I am in NH and have the same calculation, but in terms of the POTUS. None of our Senators are on the ballot and I don't think the House is in play, but we are a swing state for the White House. So if I think the Senate flips, then I may support Obama. If it seems likely to stay Dem, then I will support the GOP unless the nominee is someone I can't tolerate.

ModeratePoli said...

I'm still waffling on who to support for president, and I won't decide until much closer to the election. As I said in comments here, I want someone in the White House who will prevent the stupids in Congress from enacting stupid policies. I'll just have to figure out who that is.

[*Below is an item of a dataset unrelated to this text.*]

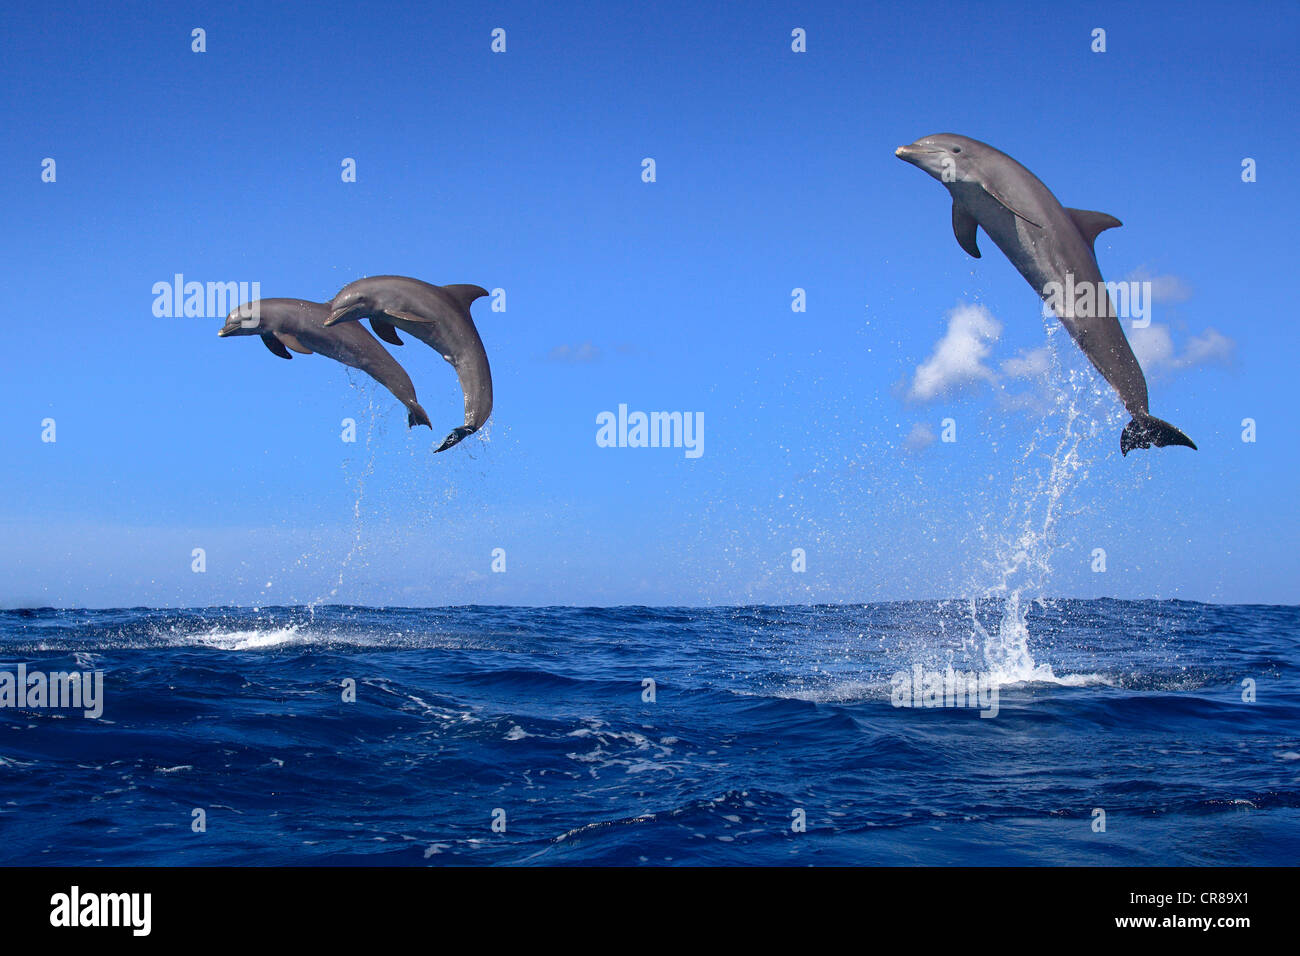 Tres delfines nariz de botella (Tursiops truncatus), adulto, saltando fuera del mar, Roatán, Honduras, El Caribe, América Central Foto de stock
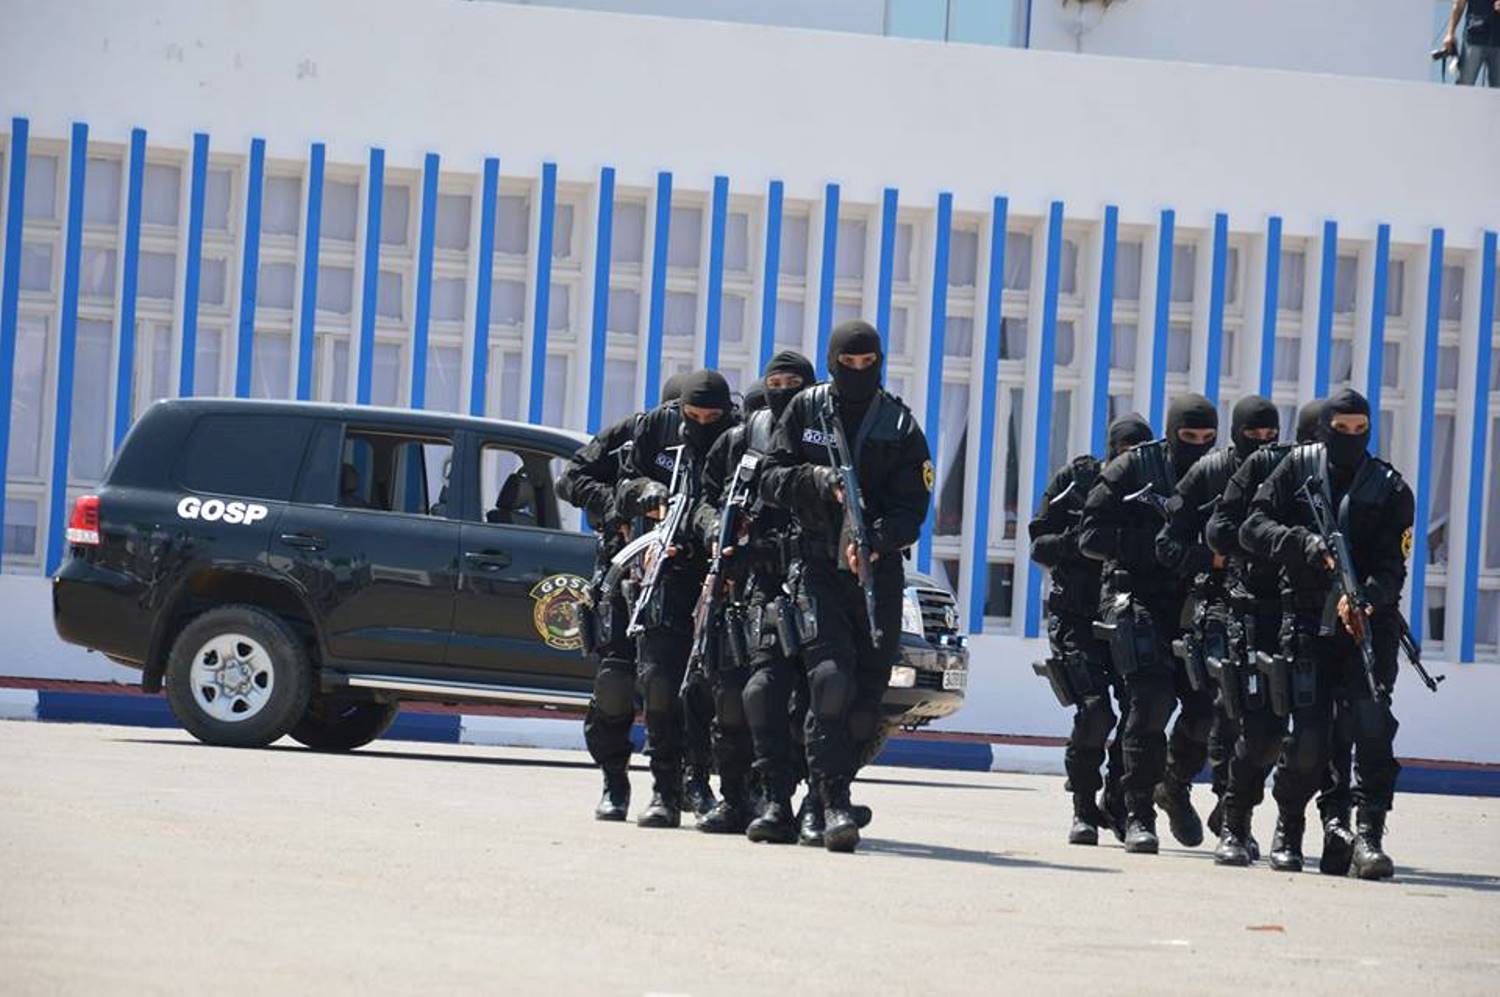 جمهرة العمليات الخاصة الشرطة الجزائرية  [ G.O.S.P ]   28468755926_5b04051bec_o

As for the Senate, I'm almost certain I'll vote for Warren. No matter who is president, I'd rather have Dems and Reid in charge of the Senate, not McConnell and the GOP. I haven't seen that Reid's mucked up the Senate. He's somewhat too tricksy (invented the non-recess, I've heard), but is a reasonable negotiator. I don't get that vibe from McConnell and most of the GOP senators.

Please check in again if you're interested in my struggle understanding politics and deciding how to vote this year.